The first point of Salvini’s action plan, he declared in a tweet Thursday, “is to increase the number of repatriation centers so that immigrants can be housed there rather than wandering the streets causing confusion.”
In past months undocumented immigrants have been involved in a series of incidents, some of which have been serious, which undoubtedly influenced voters in the March 4 national elections.
The most notorious of the incidents involved three Nigerian asylum seekers arrested by Italian police earlier this year for the murder of the brutal murder of Pamela Mastropietro, an 18-year-old whose dismembered remains were found inside two suitcases outside Macerata in central Italy in early February.

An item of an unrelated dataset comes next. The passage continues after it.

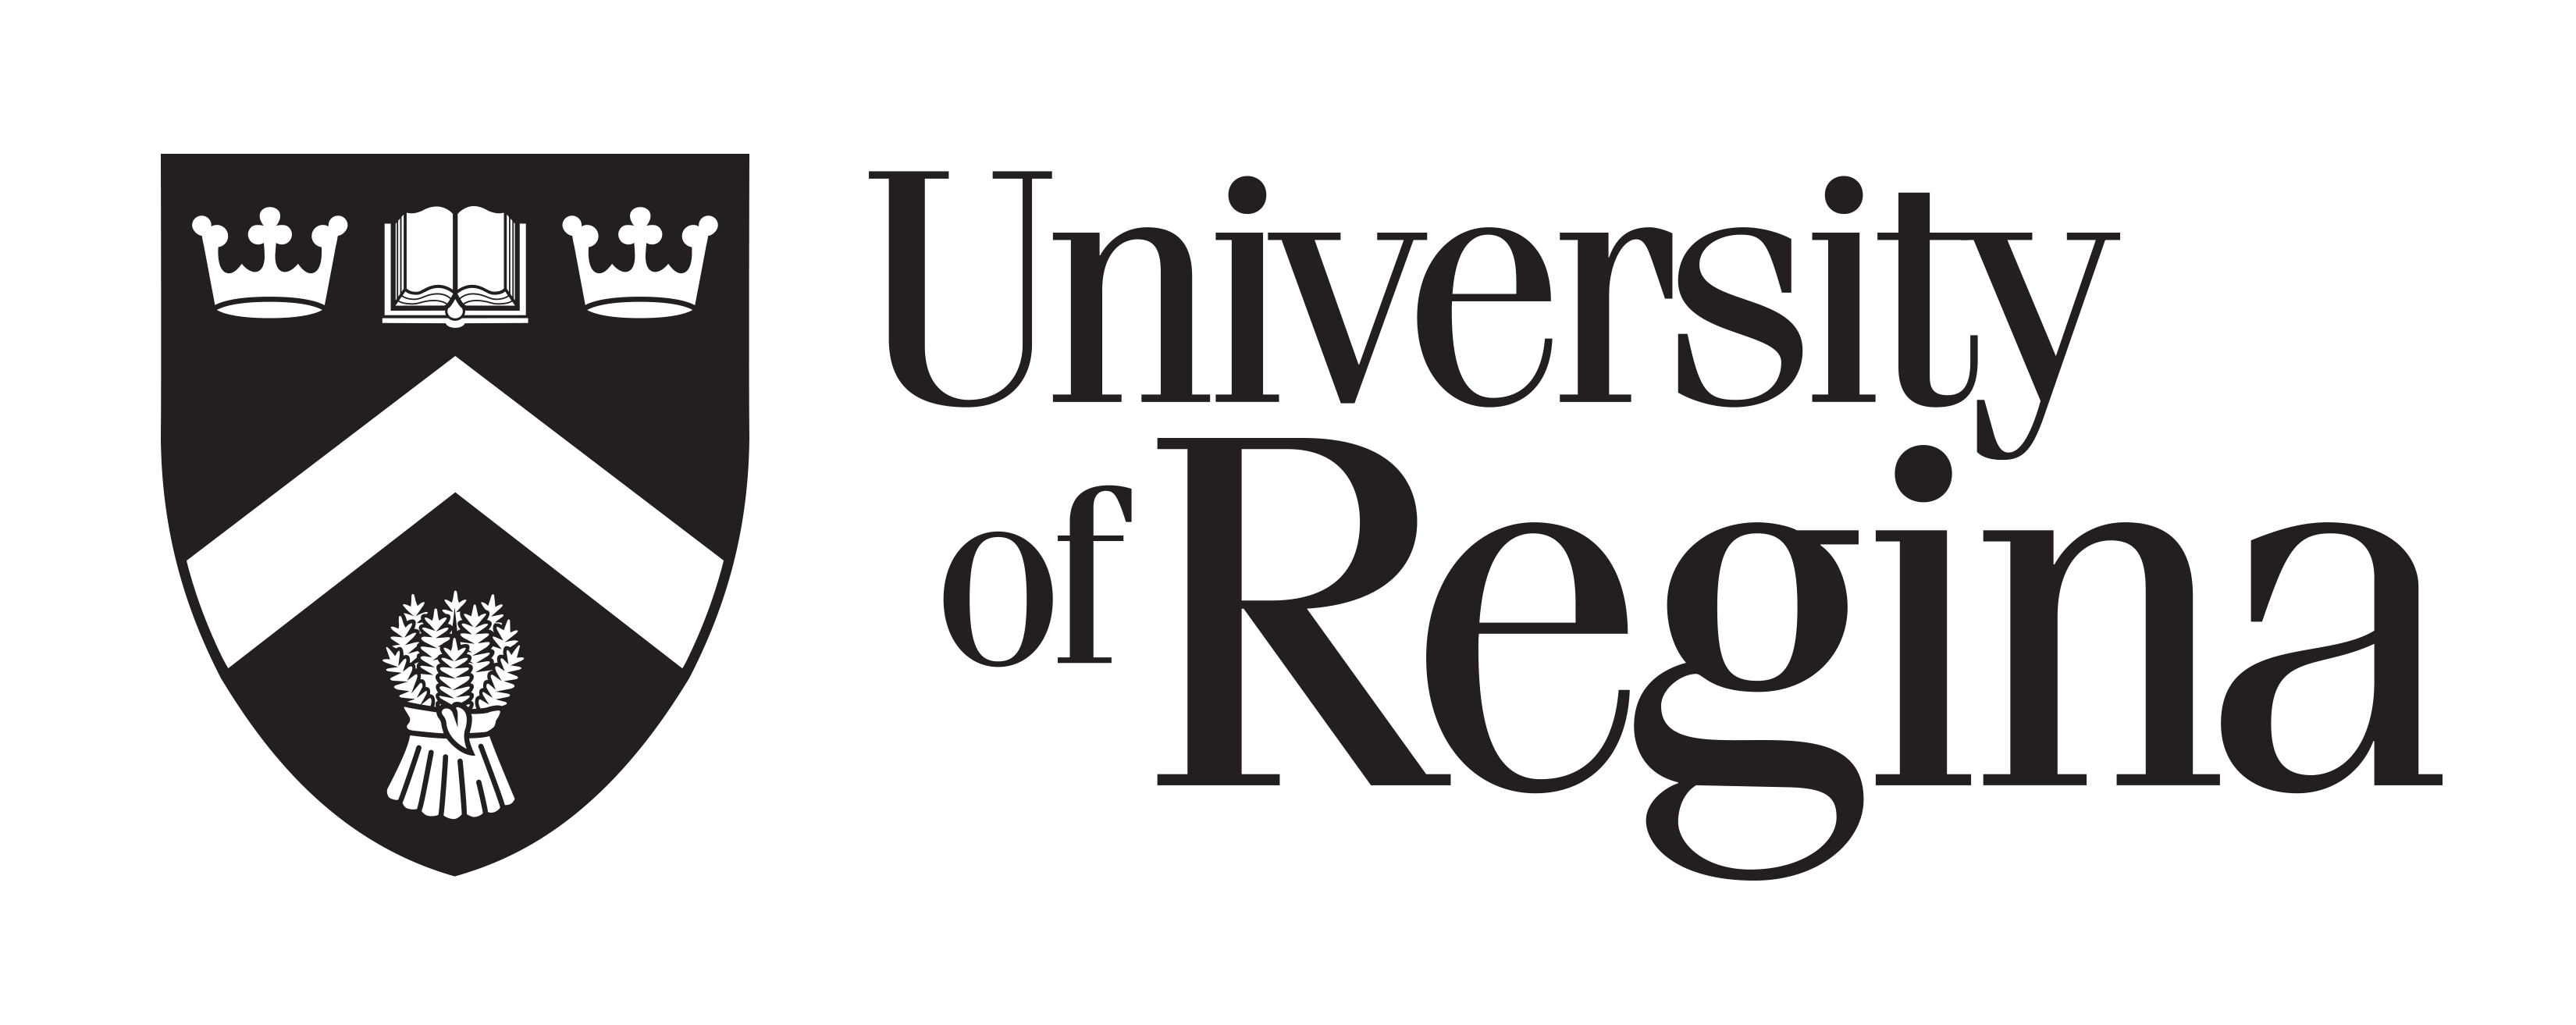 University Logo - Primary Logo. Communications and Marketing, University of Regina

Shortly after the murder, law enforcement officials arrested Innocent Oseghale, a 29-year-old Nigerian drug dealer, and afterward discovered blood-stained clothes, large kitchen knives, a cleaver, and other items belonging to the murdered woman in the man’s apartment.
For his second point, Salvini—who is also the head of the League party—said he would “reduce the number of arrivals,” a promise he made repeatedly during the election campaign. “Sealing Italy’s borders” became a mantra of the League leader as a first step toward curbing immigration.

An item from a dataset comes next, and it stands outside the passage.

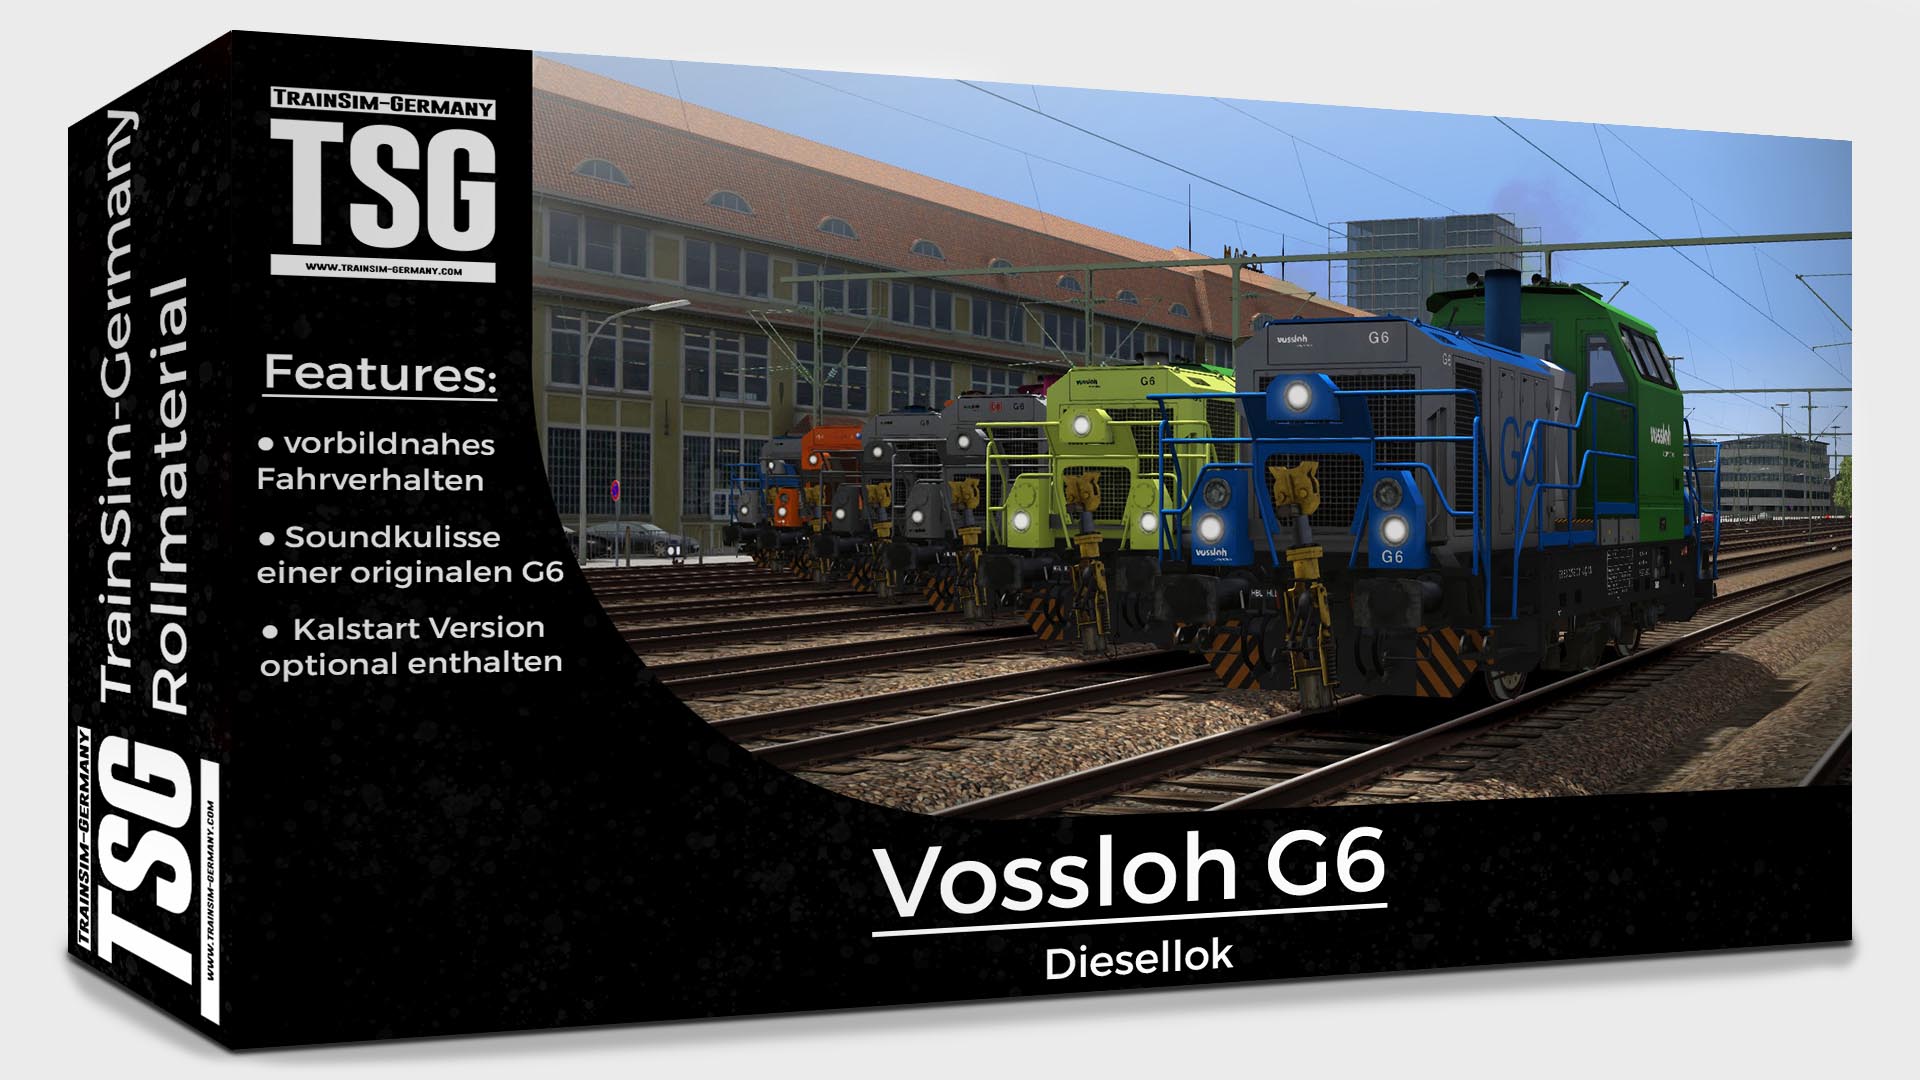 TSG Vossloh G6

In recent days, migrant arrivals from North Africa have once again picked up, with some 2,000 African migrants arriving on Italian shores in one 48-hour period in late May.

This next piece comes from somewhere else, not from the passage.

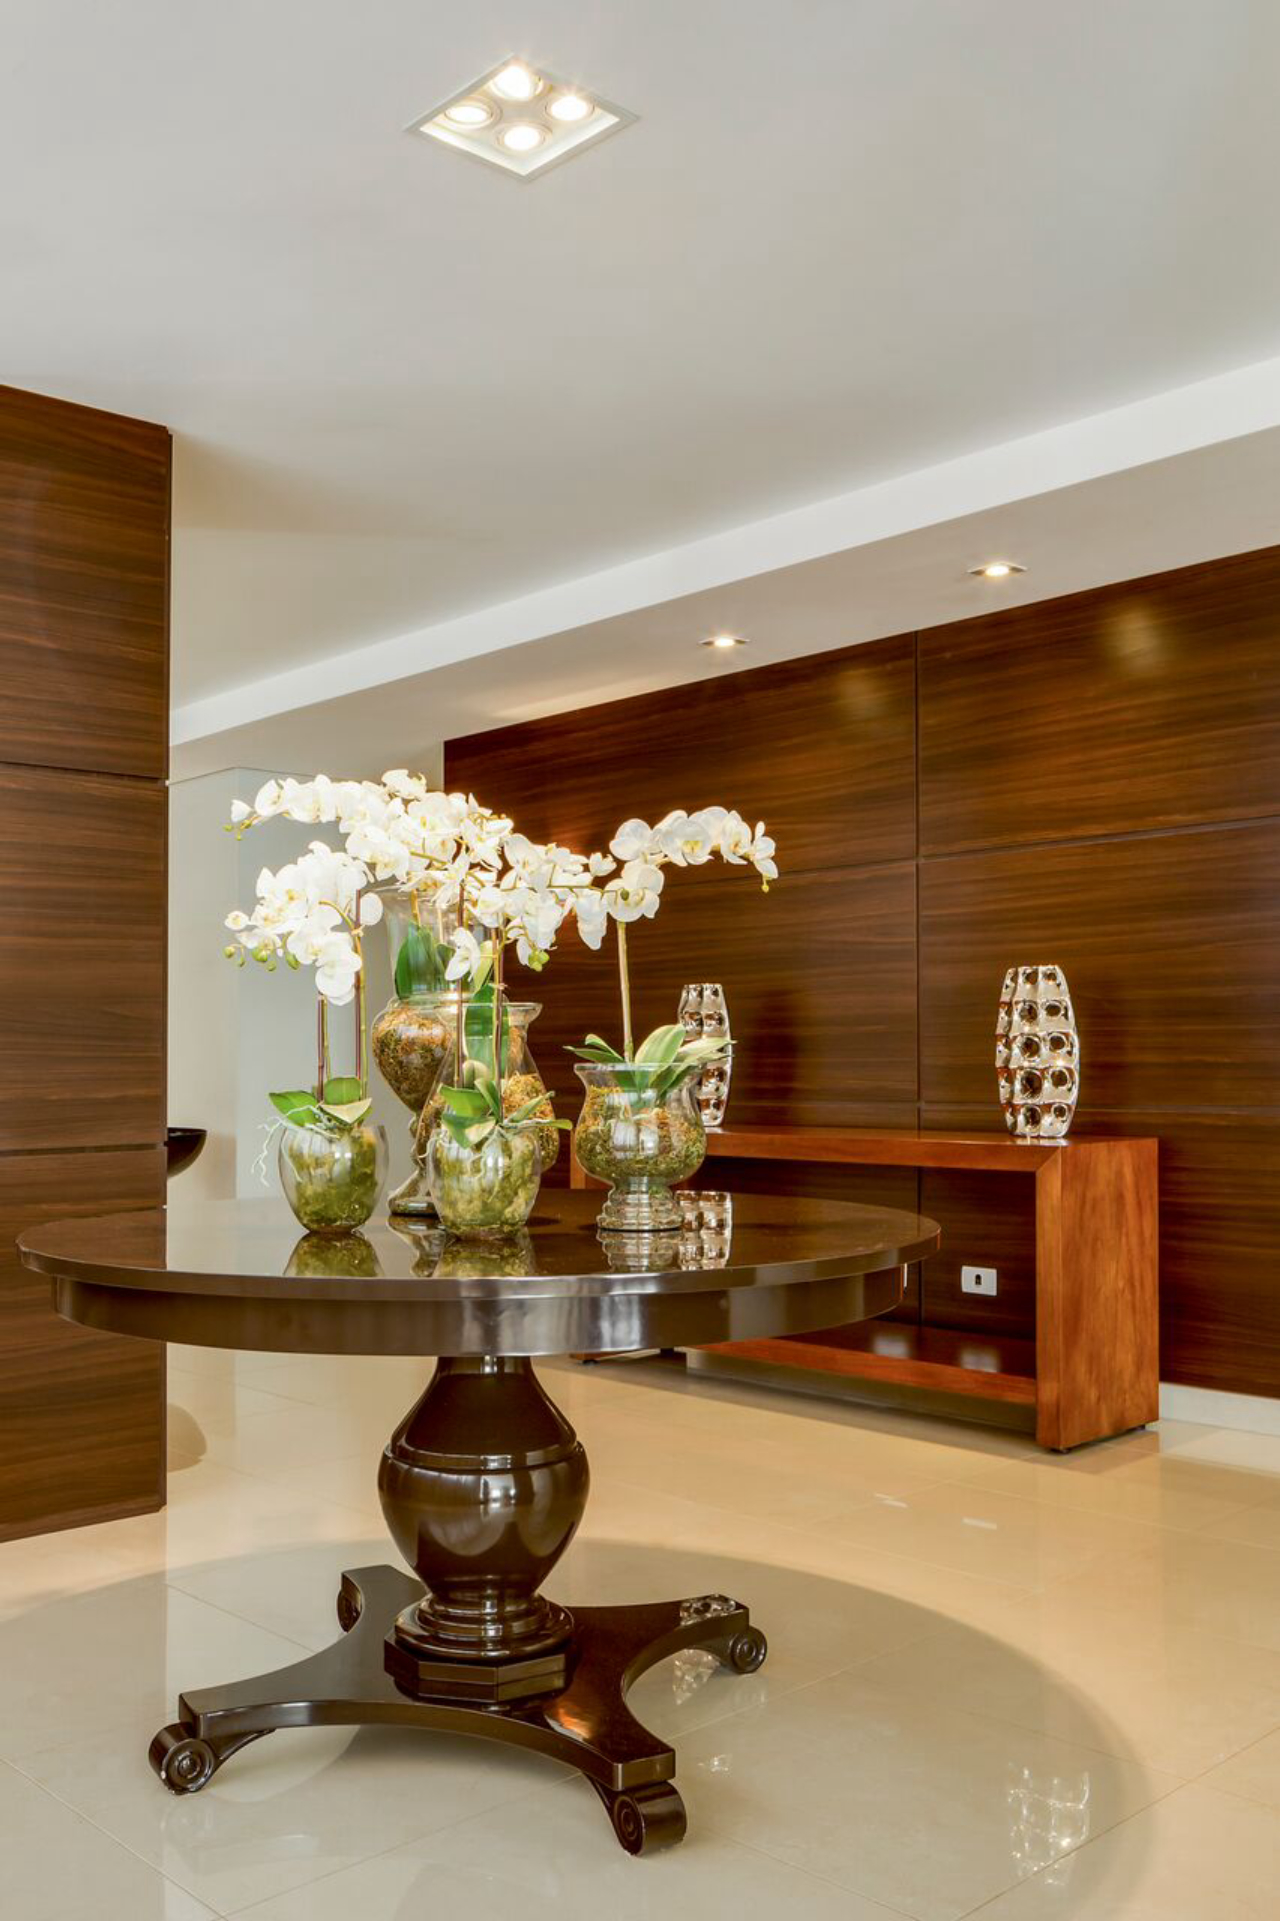 Os painéis de madeira oferecem conforto visual, ao mesmo tempo que aquecem o ambiente. A mesa central fica ainda mais em evidência com a iluminação direcionada.

People smugglers have begun channeling migrants through Tunisia instead of Libya, which has been all but shut down.
— Thomas D. Williams (@tdwilliamsrome) May 29, 2018
Earlier this week, Salvini had strong words for Tunisia, accusing the North African nation of “exporting convicts,” to Italy, which provoked a reaction of “profound astonishment” from the Tunisian government.
The third point in Salvini’s plan is “increasing the number of deportations,” another central plank in his electoral platform. During the campaign, in fact, Salvini spoke of expelling a half million migrants, just under the total of 600,000 who have entered Italy in the past four years.
After outlining his three points, Salvini was quick to offer assurances to legal immigrants, promising them they have “nothing to fear.”
Mr. Salvini has responded to criticisms that refer to his immigration platform as “hard line,” insisting that it is merely “common sense.”